[T]he fundamental nature of the marriage act, while uniting husband and wife in the closest intimacy, also renders them capable of generating new life—and this as a result of laws written into the actual nature of man and of woman. And if each of these essential qualities, the unitive and the procreative, is preserved, the use of marriage fully retains its sense of true mutual love and its ordination to the supreme responsibility of parenthood to which man is called.
Humanae Vitae, paragraph 12
The sexual relationship between husband and wife expresses their married love by becoming “one body” (Genesis 2:24) and “one flesh” (Mark 10:8, Matthew 19:6). Their sexual union, designed by God, is intended to be both unitive and procreative. Through sexual intimacy, spouses express their love, strengthen their emotional and physical connection, and foster unity. Their marital relationship remains open to the potential for creating new life.

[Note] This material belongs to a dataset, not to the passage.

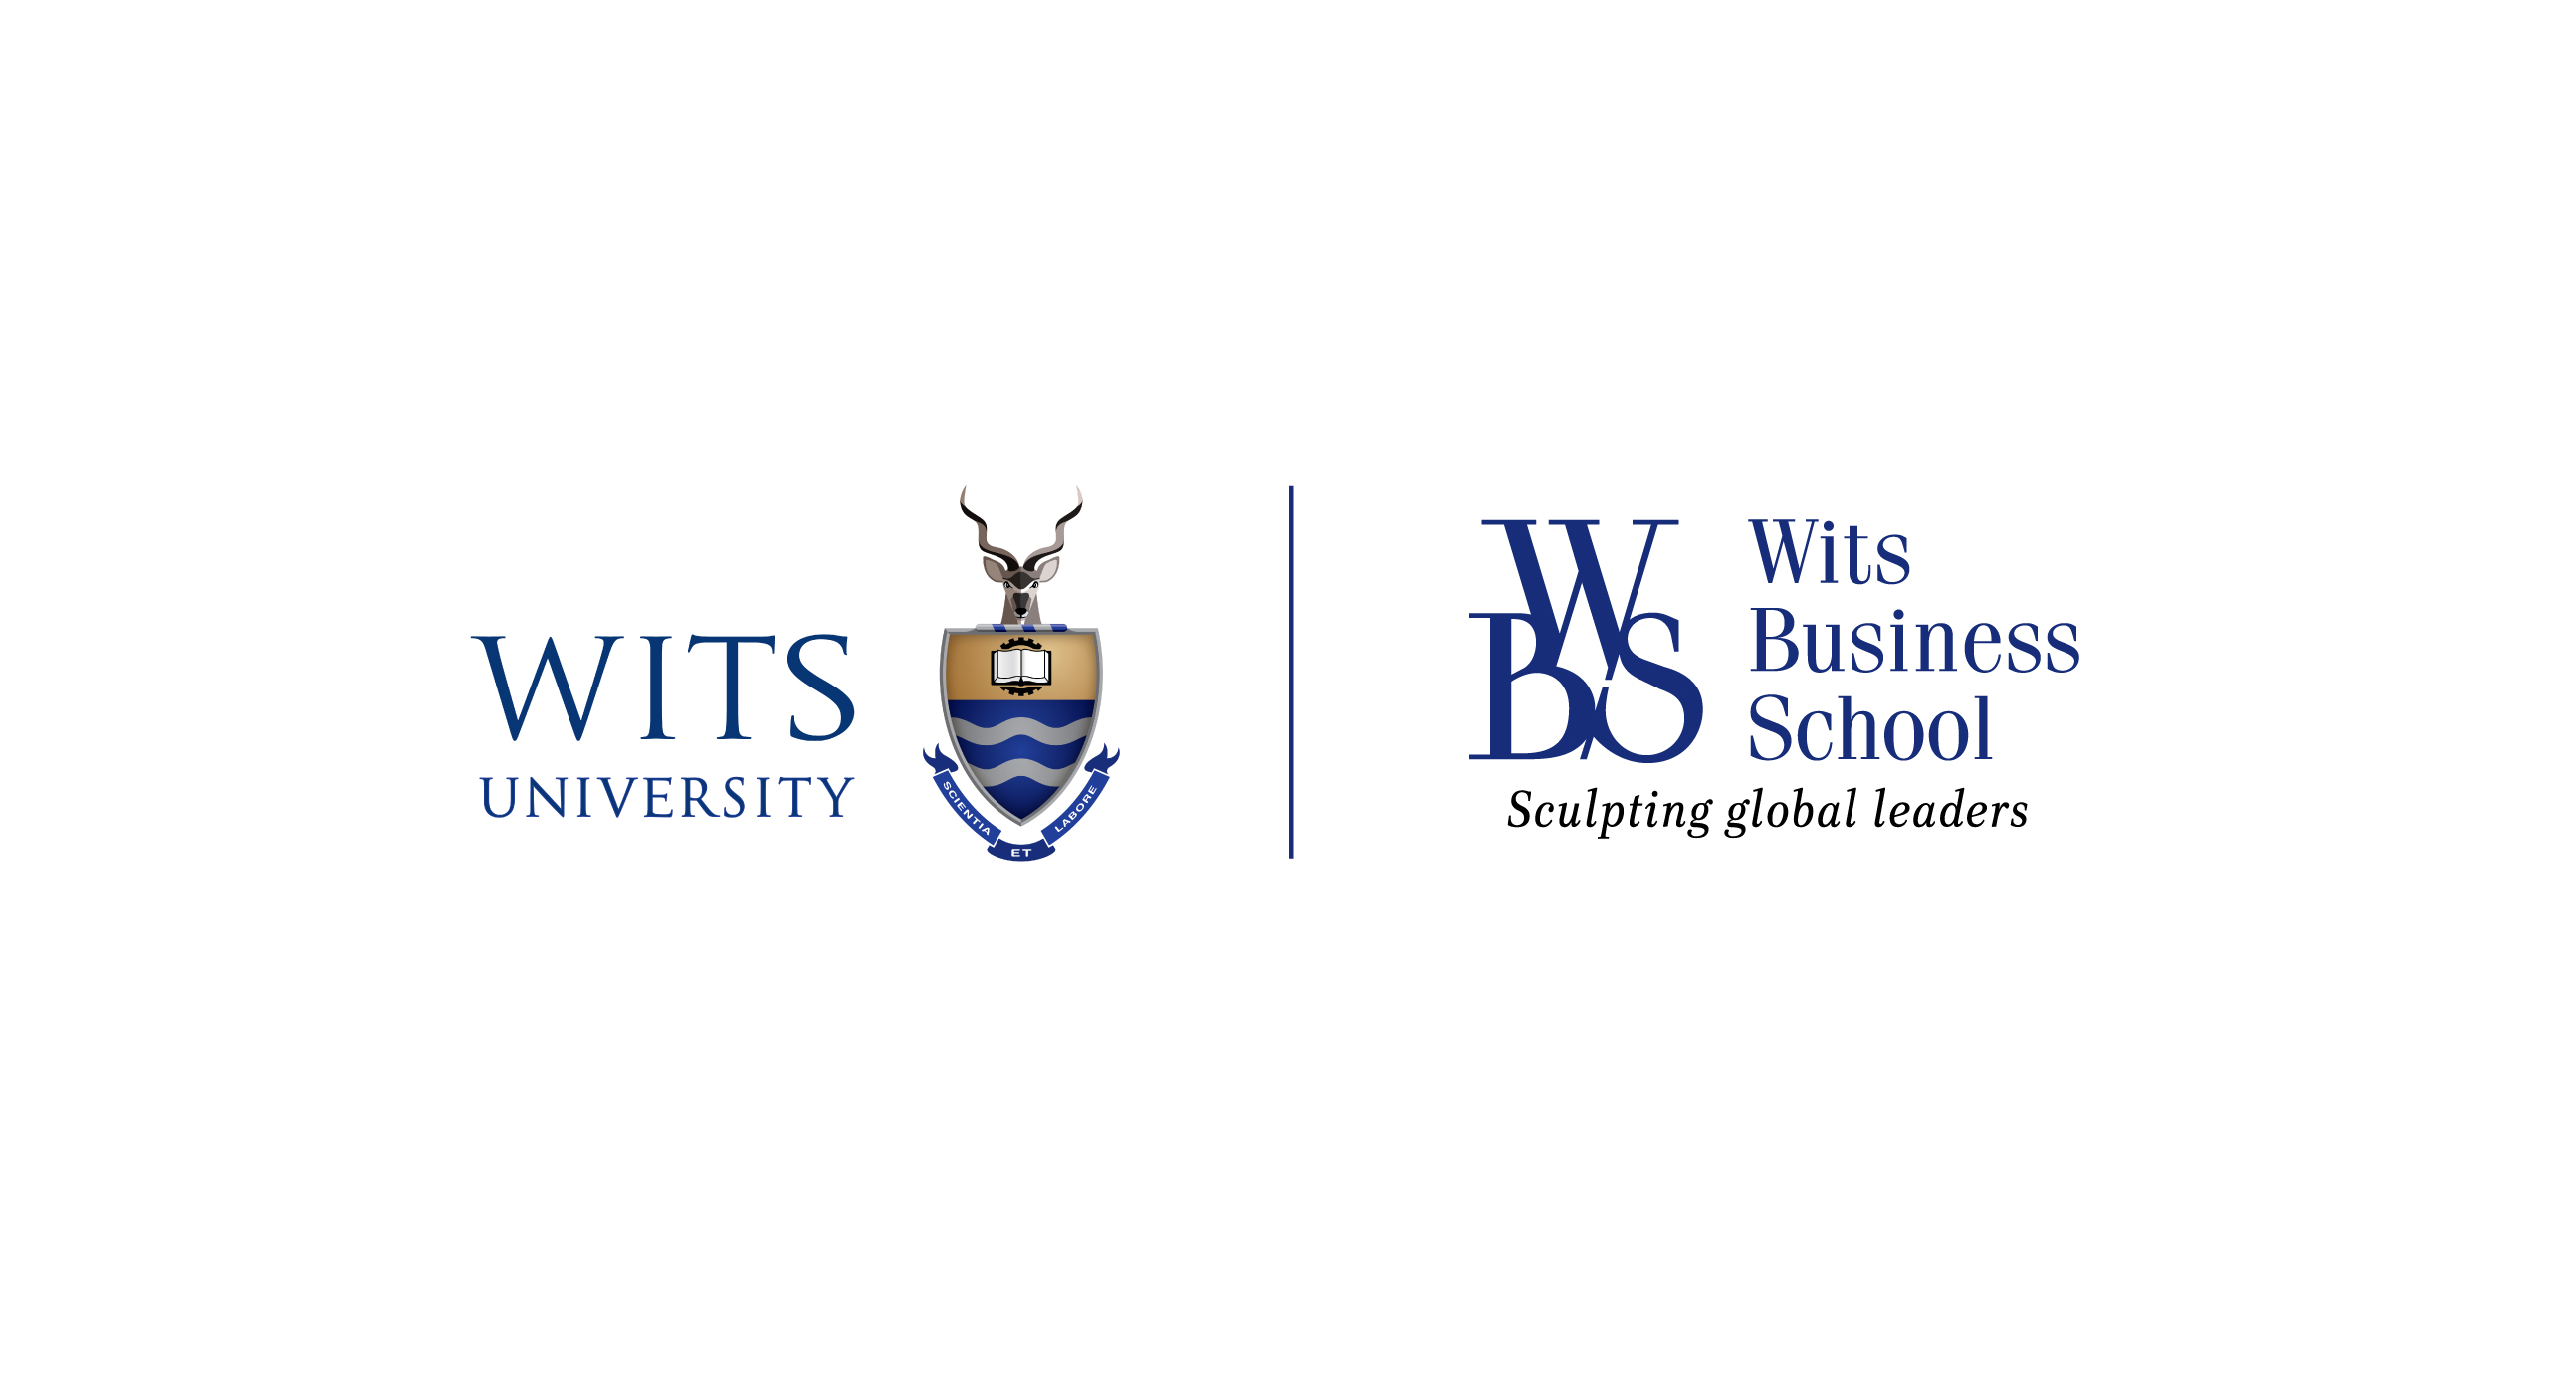 Wits Business School WBS logo

Both aspects are essential; marital love cannot separate the unitive from the procreative aspect.
Use of contraception removes the procreative aspect from marital love. It is like a wife telling her husband “I give all of myself to you except my fertility, ” or a husband saying “I love and accept all of you except your fertility.” By using contraceptive methods, couples place a barrier between themselves, withholding the total gift of self by withholding fertility.
On the other hand, Natural Family Planning (NFP) is a system of understanding a couple’s combined fertility, respect the love-giving (unitive) and life-giving (procreative) nature of the sex, supporting God’s design for married love.
The Catholic Church supports this sacred, dual purpose:
The spouses’ union achieves the twofold end of marriage: the good of the spouses themselves and the transmission of life. These two meanings or values of marriage cannot be separated without altering the couple’s spiritual life and compromising the goods of marriage and the future of the family.
The conjugal love of man and woman thus stands under the twofold obligation of fidelity and fecundity.
Catechism of the Catholic Church, 2nd ed., 2363
Both dimensions—unitive and procreative—are intrinsically good and integral to the act of marriage.